PROBLEM STATEMENT:
Once the pictures are removed, restate the listing word for word.
━━ MATERIAL PROVIDED
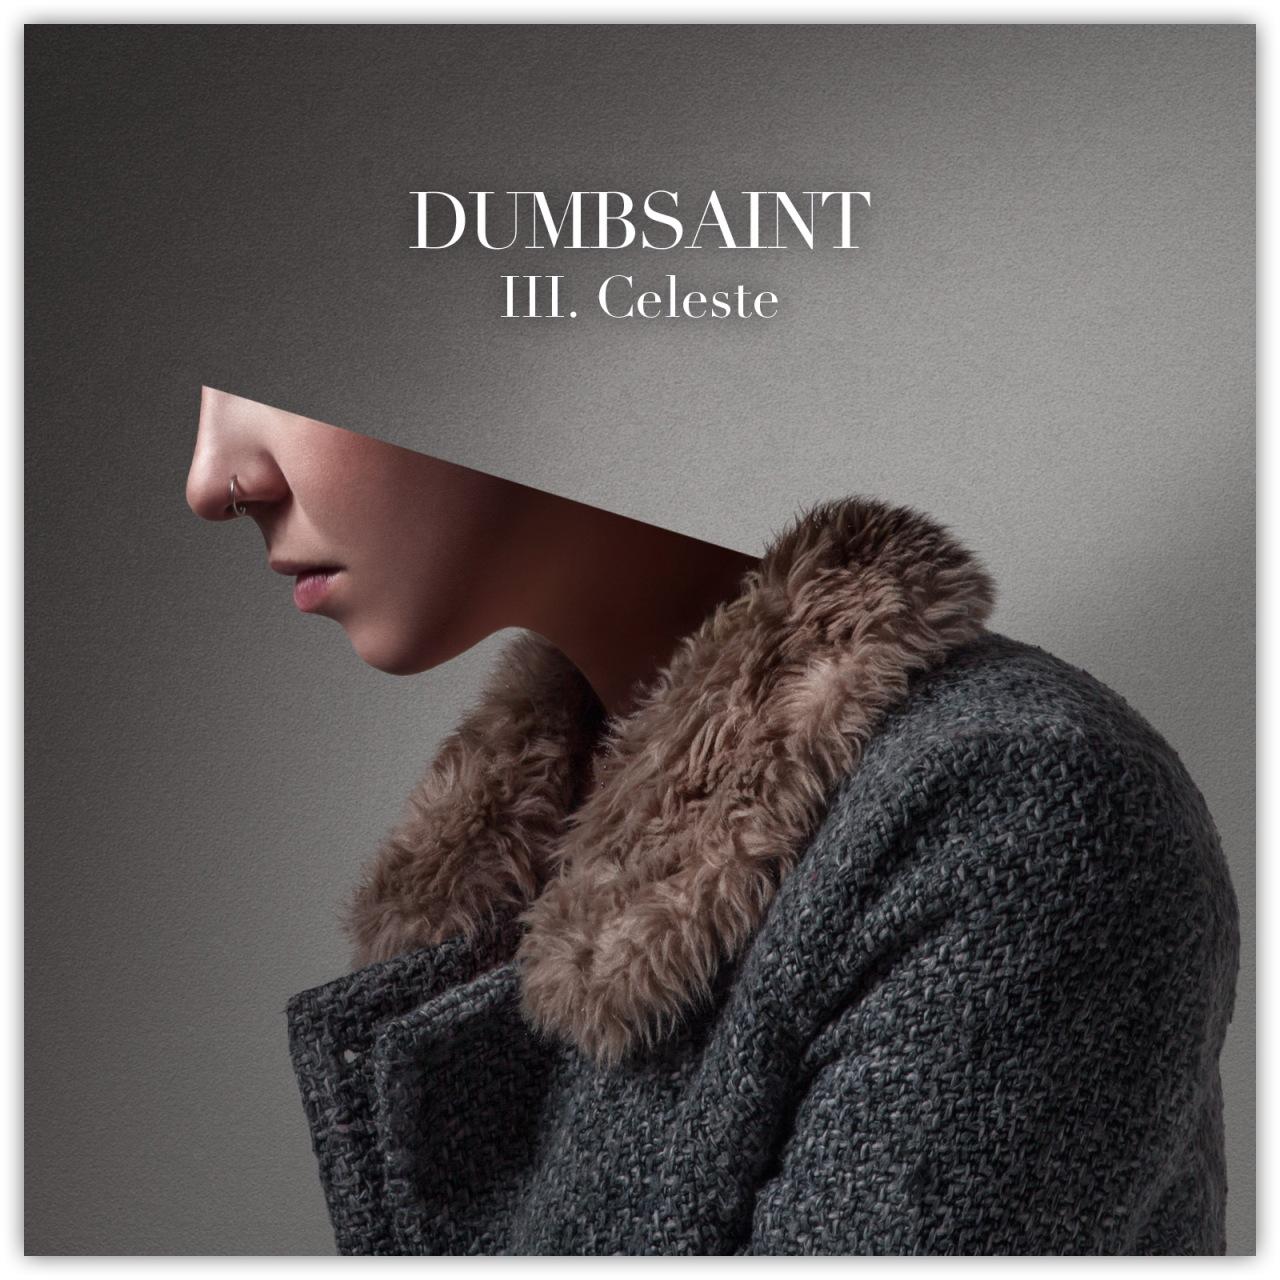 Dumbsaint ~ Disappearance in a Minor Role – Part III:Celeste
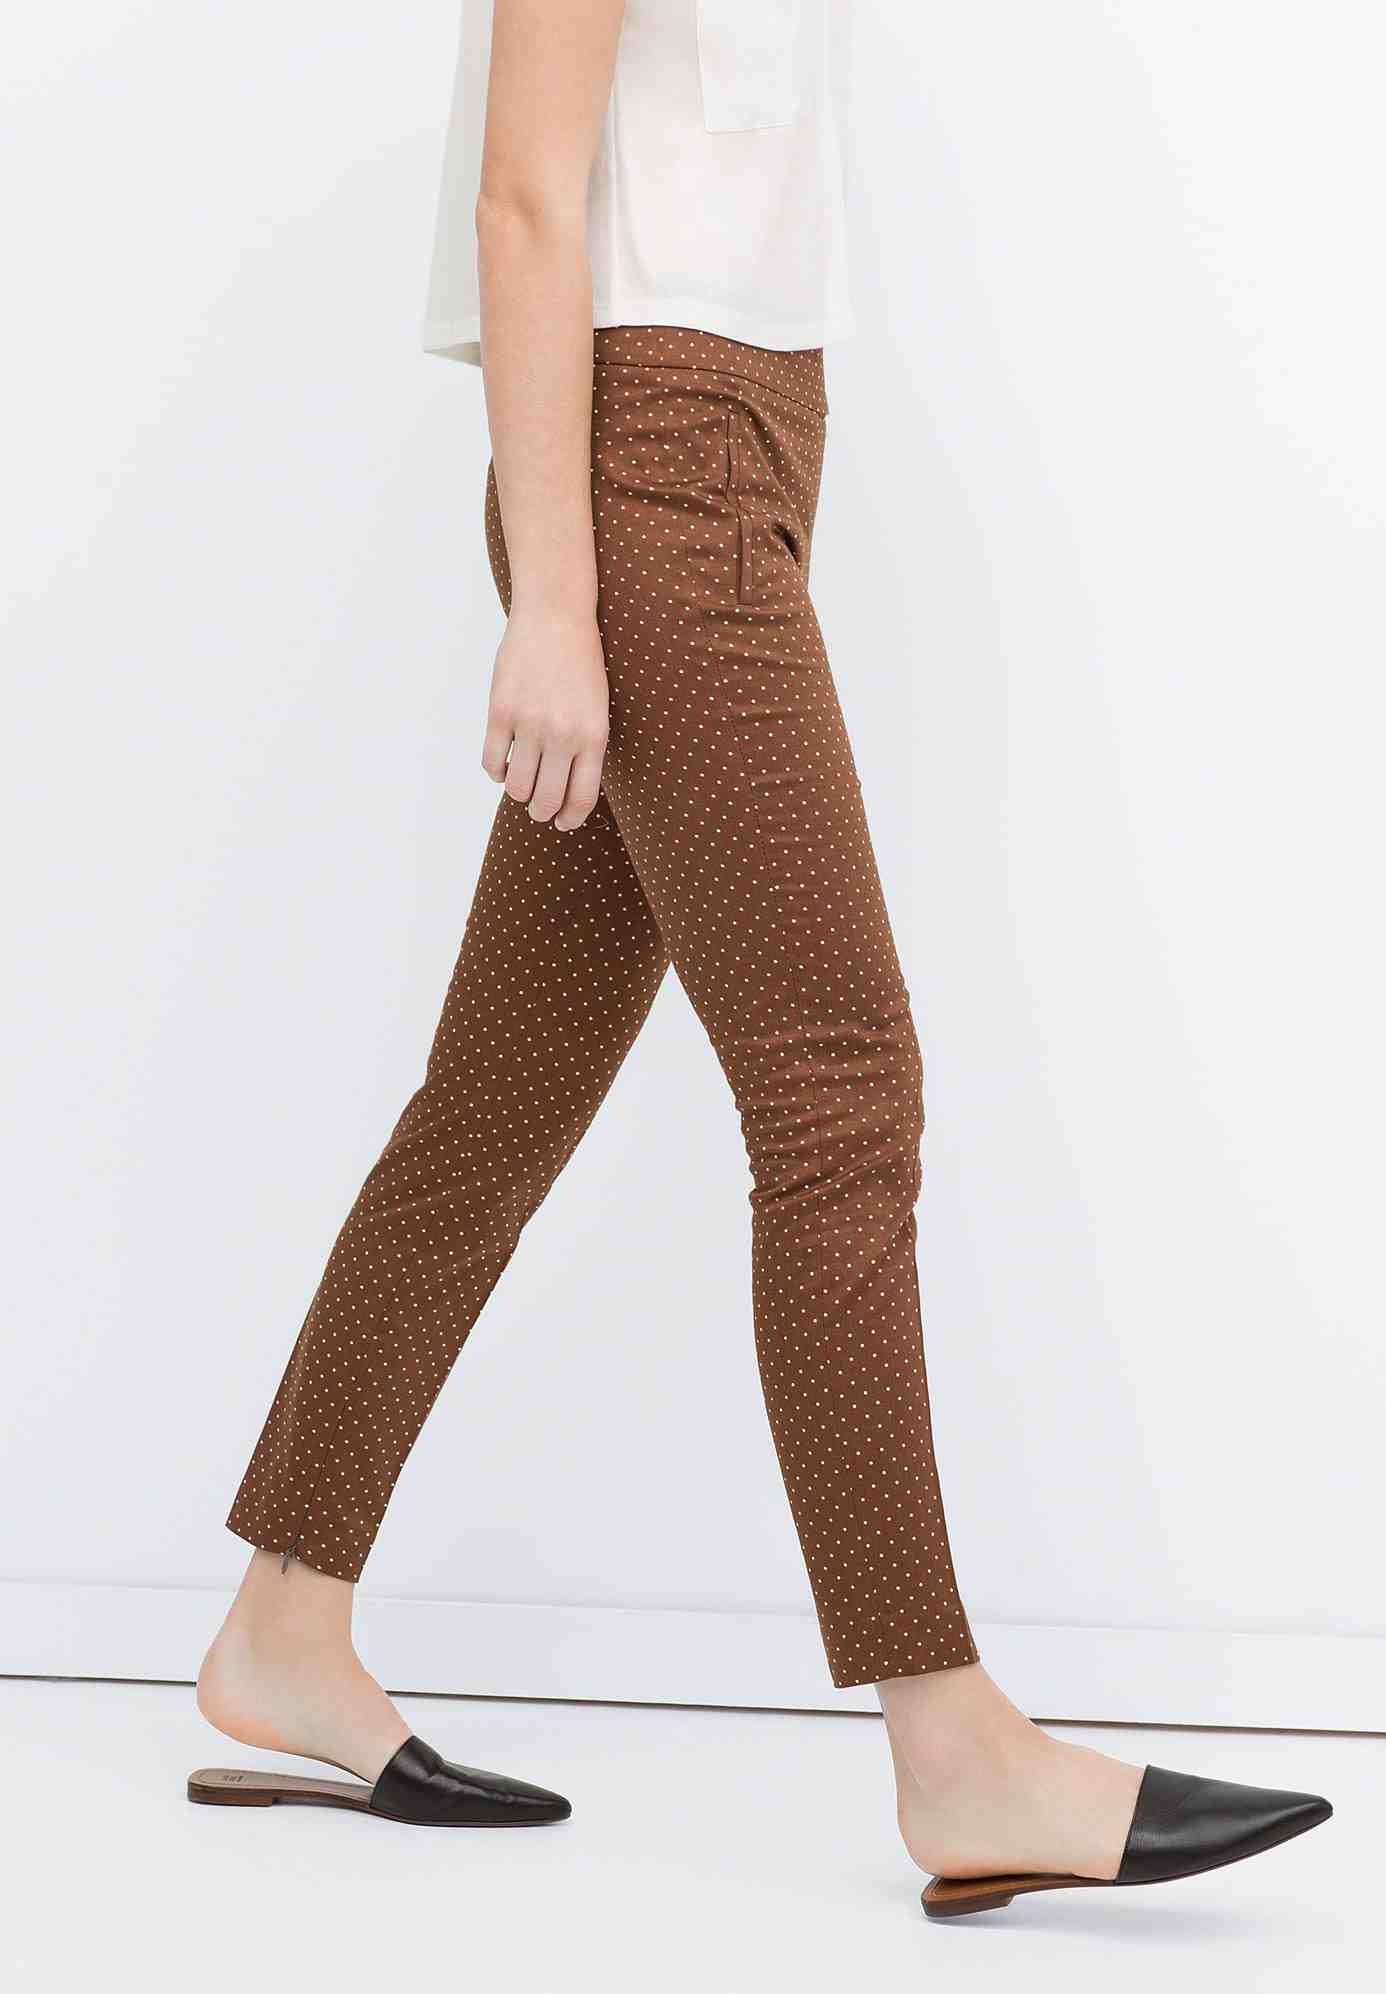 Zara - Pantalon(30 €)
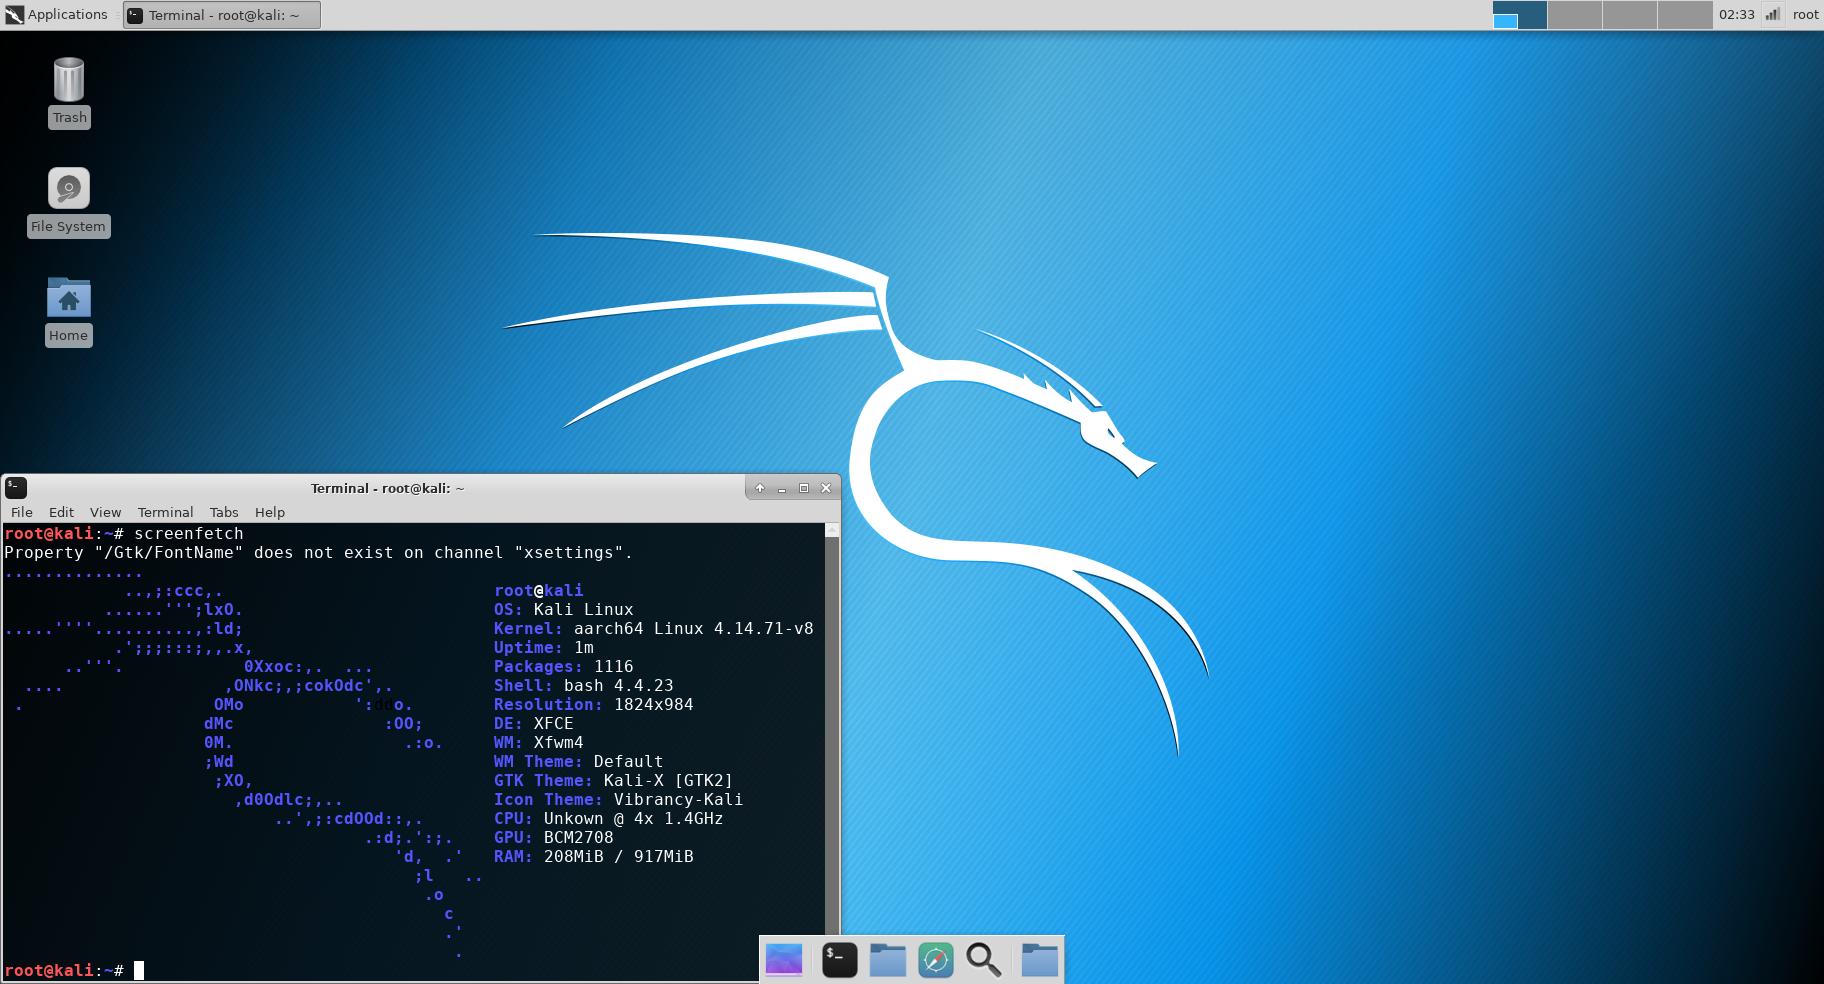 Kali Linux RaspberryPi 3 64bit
━━━━
OUTPUT BELOW:
 Dumbsaint ~ Disappearance in a Minor Role – Part III:Celeste
 Zara - Pantalon(30 €)
 Kali Linux RaspberryPi 3 64bit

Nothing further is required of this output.